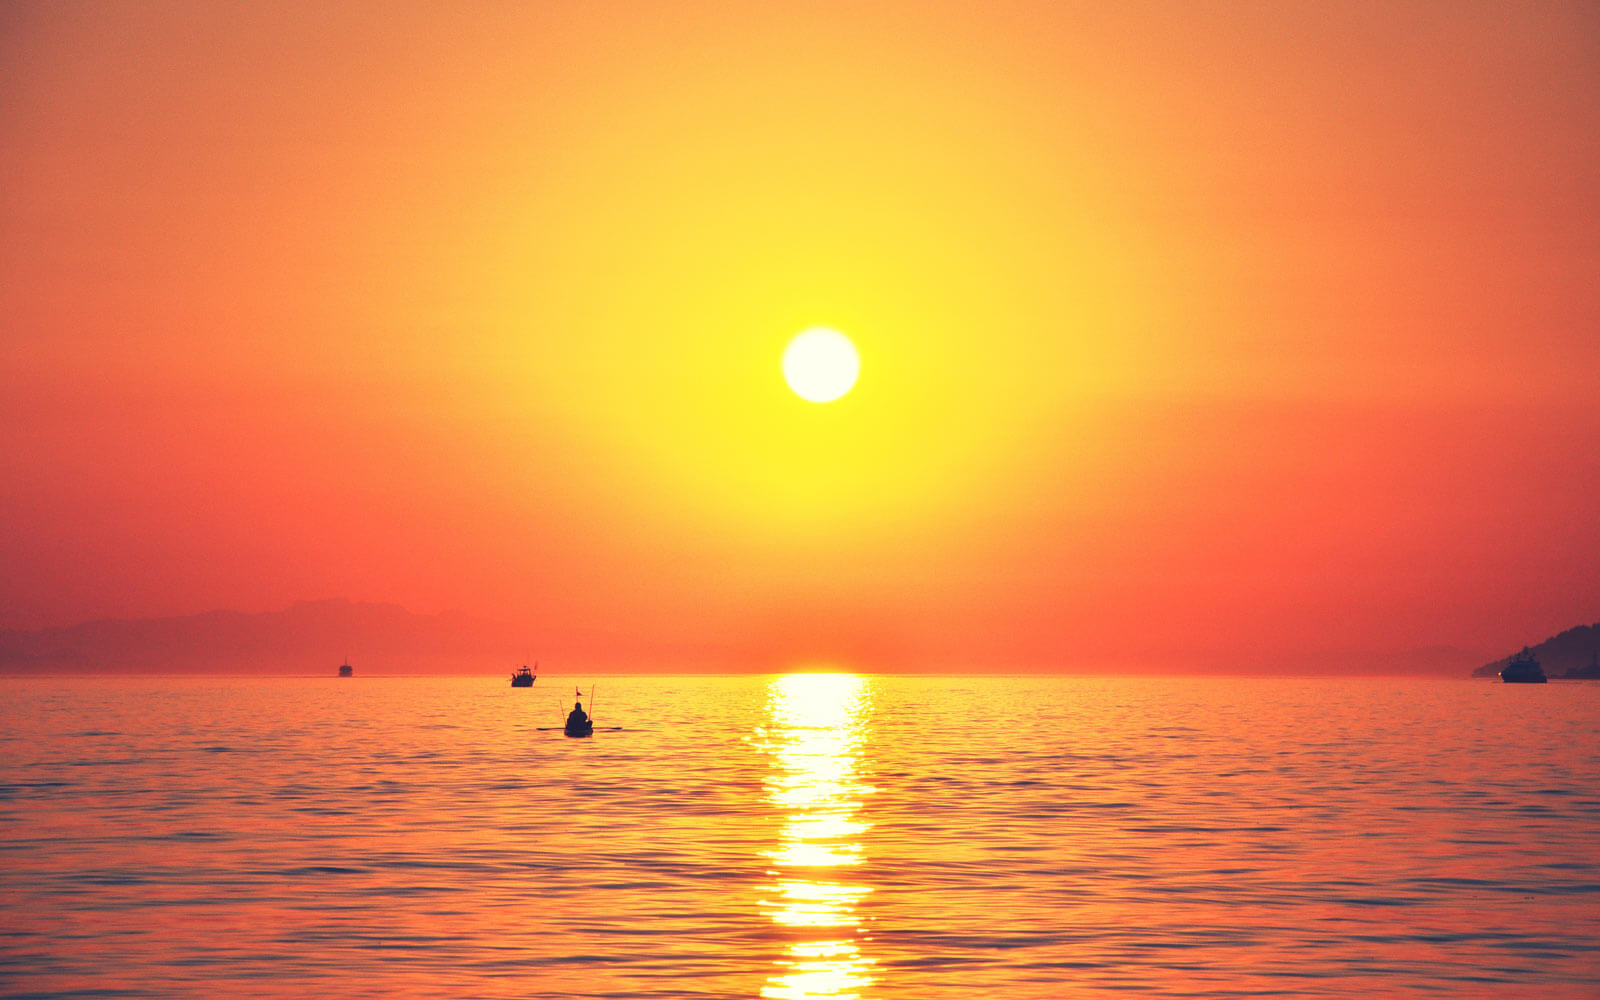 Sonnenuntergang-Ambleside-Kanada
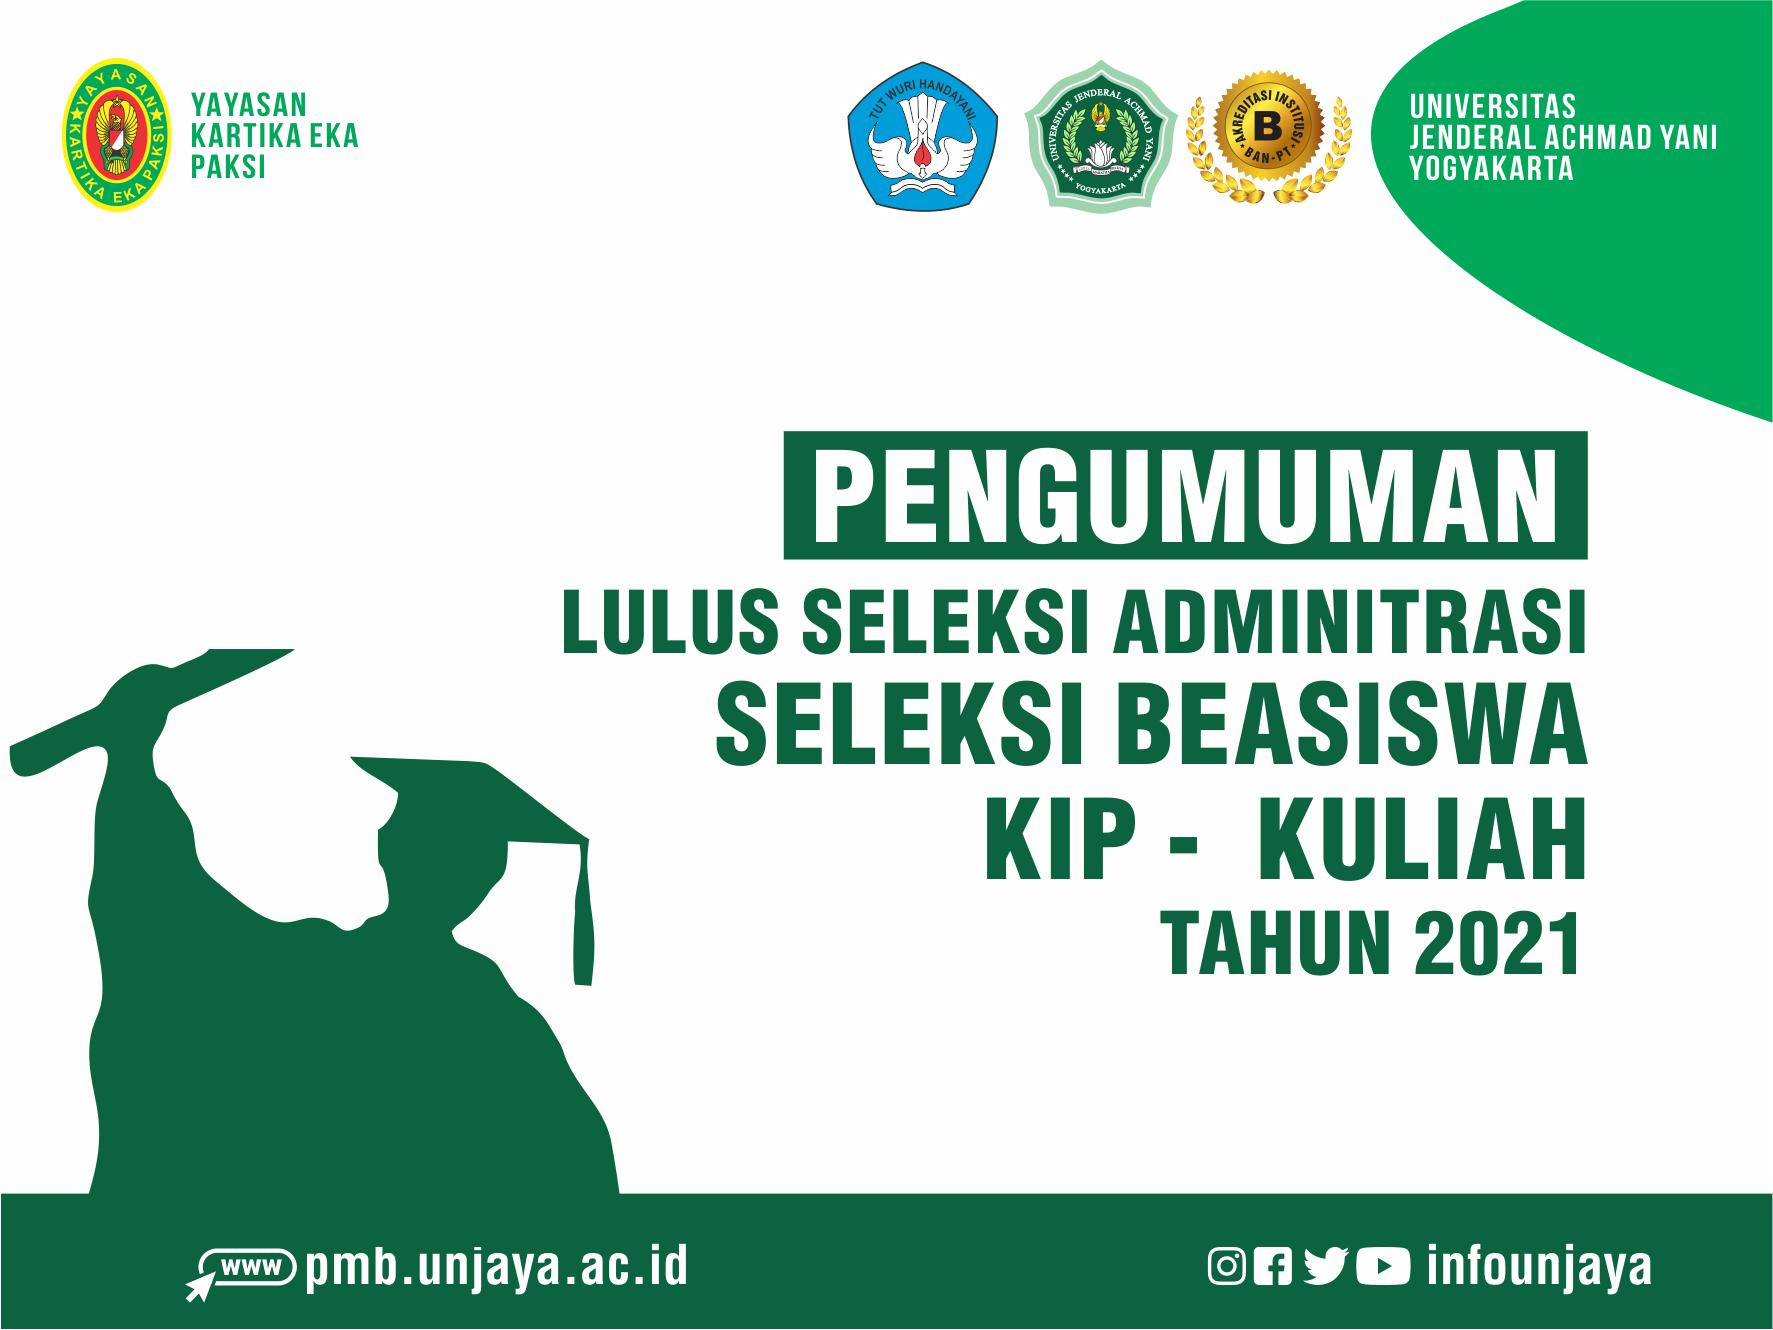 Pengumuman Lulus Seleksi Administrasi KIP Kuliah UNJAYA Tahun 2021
----
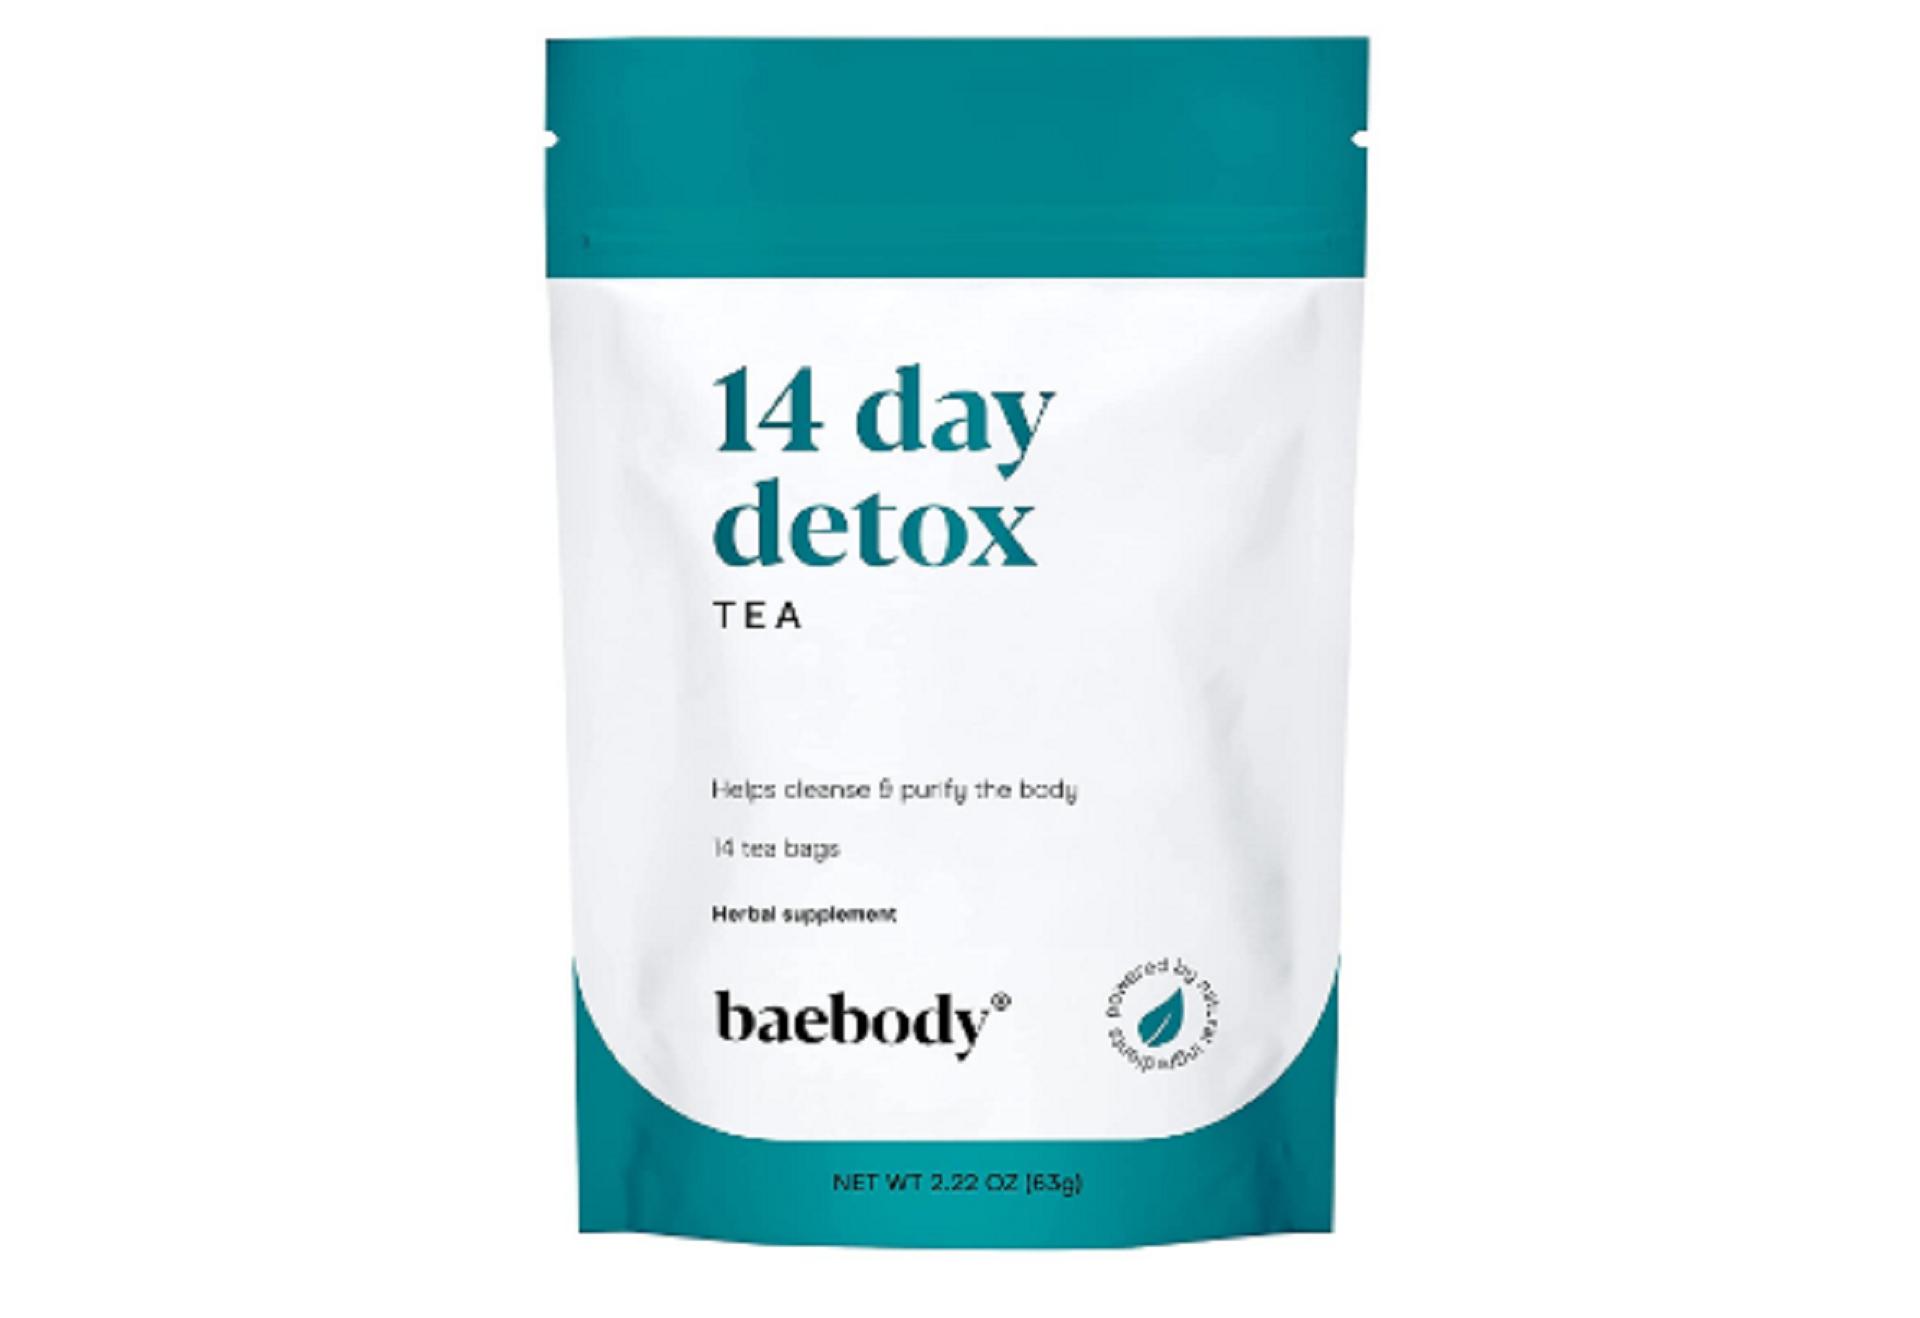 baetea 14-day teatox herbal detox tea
----
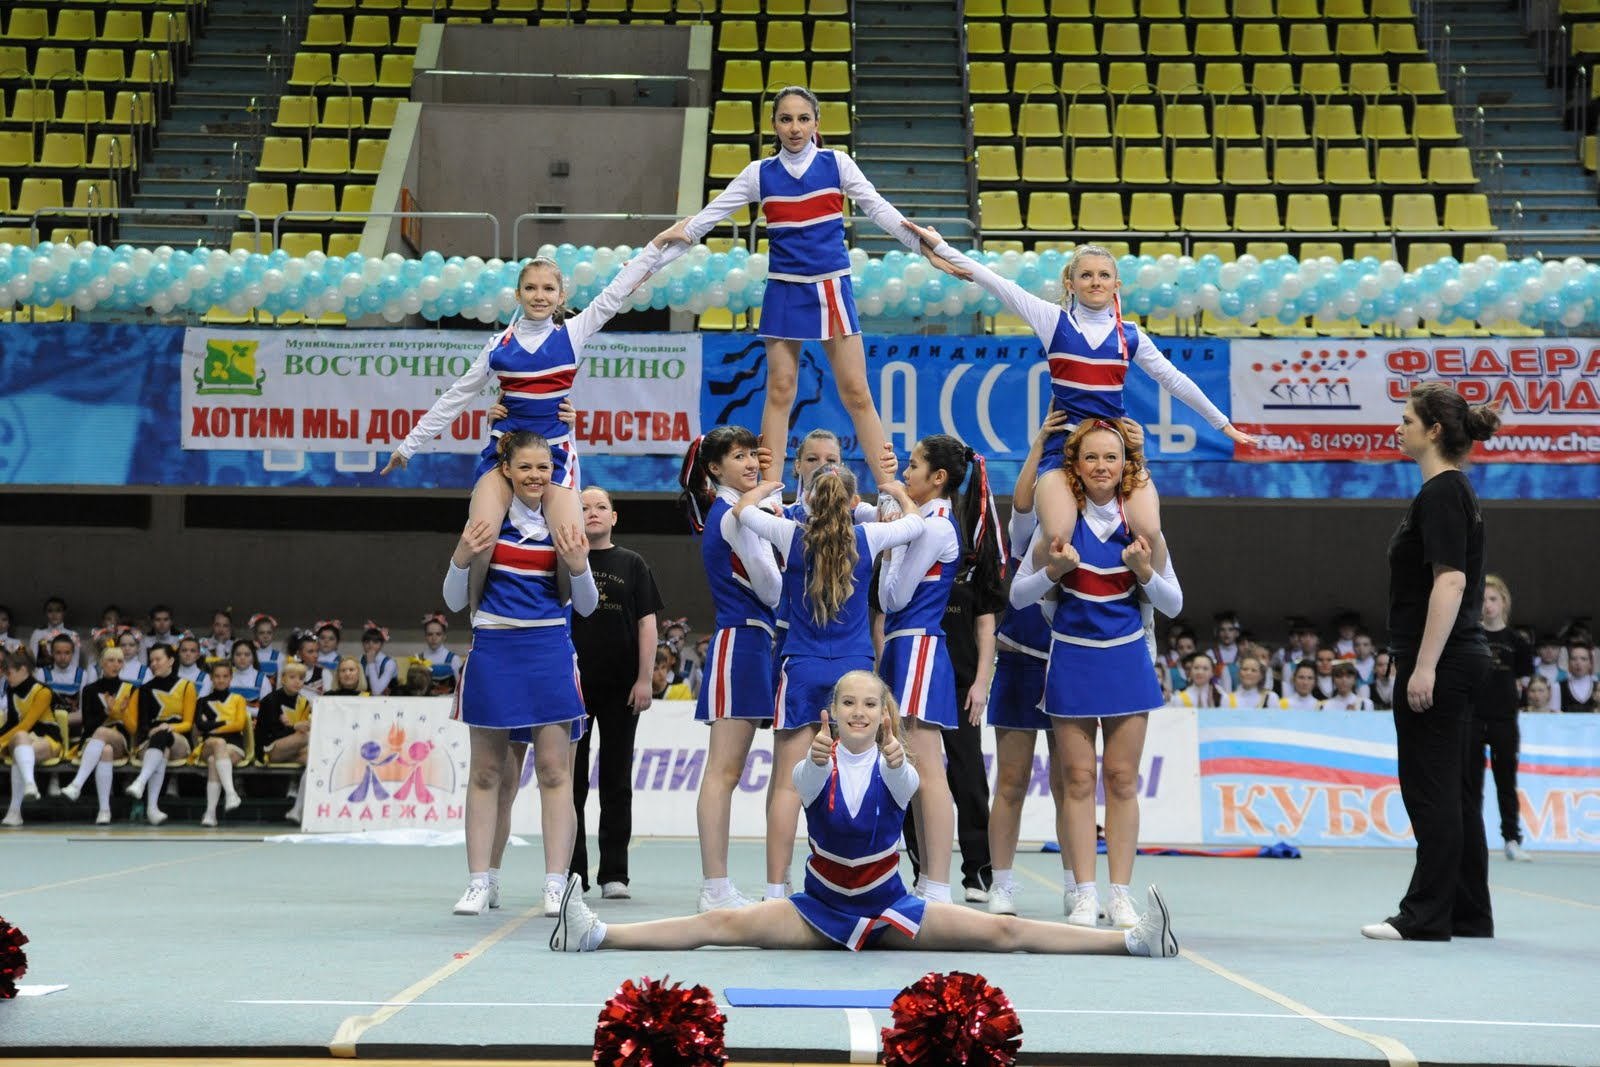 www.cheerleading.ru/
----
== WORK INSTRUCTION ==
In the records above, find the line with "Sonnenuntergang-Ambleside-Kanada" and the line with "Pengumuman Lulus Seleksi". Write out exactly those lines and every one between, with no pictures and no other lines.

== SOLUTION FOR THIS EXERCISE ==
 Sonnenuntergang-Ambleside-Kanada
 Pengumuman Lulus Seleksi Administrasi KIP Kuliah UNJAYA Tahun 2021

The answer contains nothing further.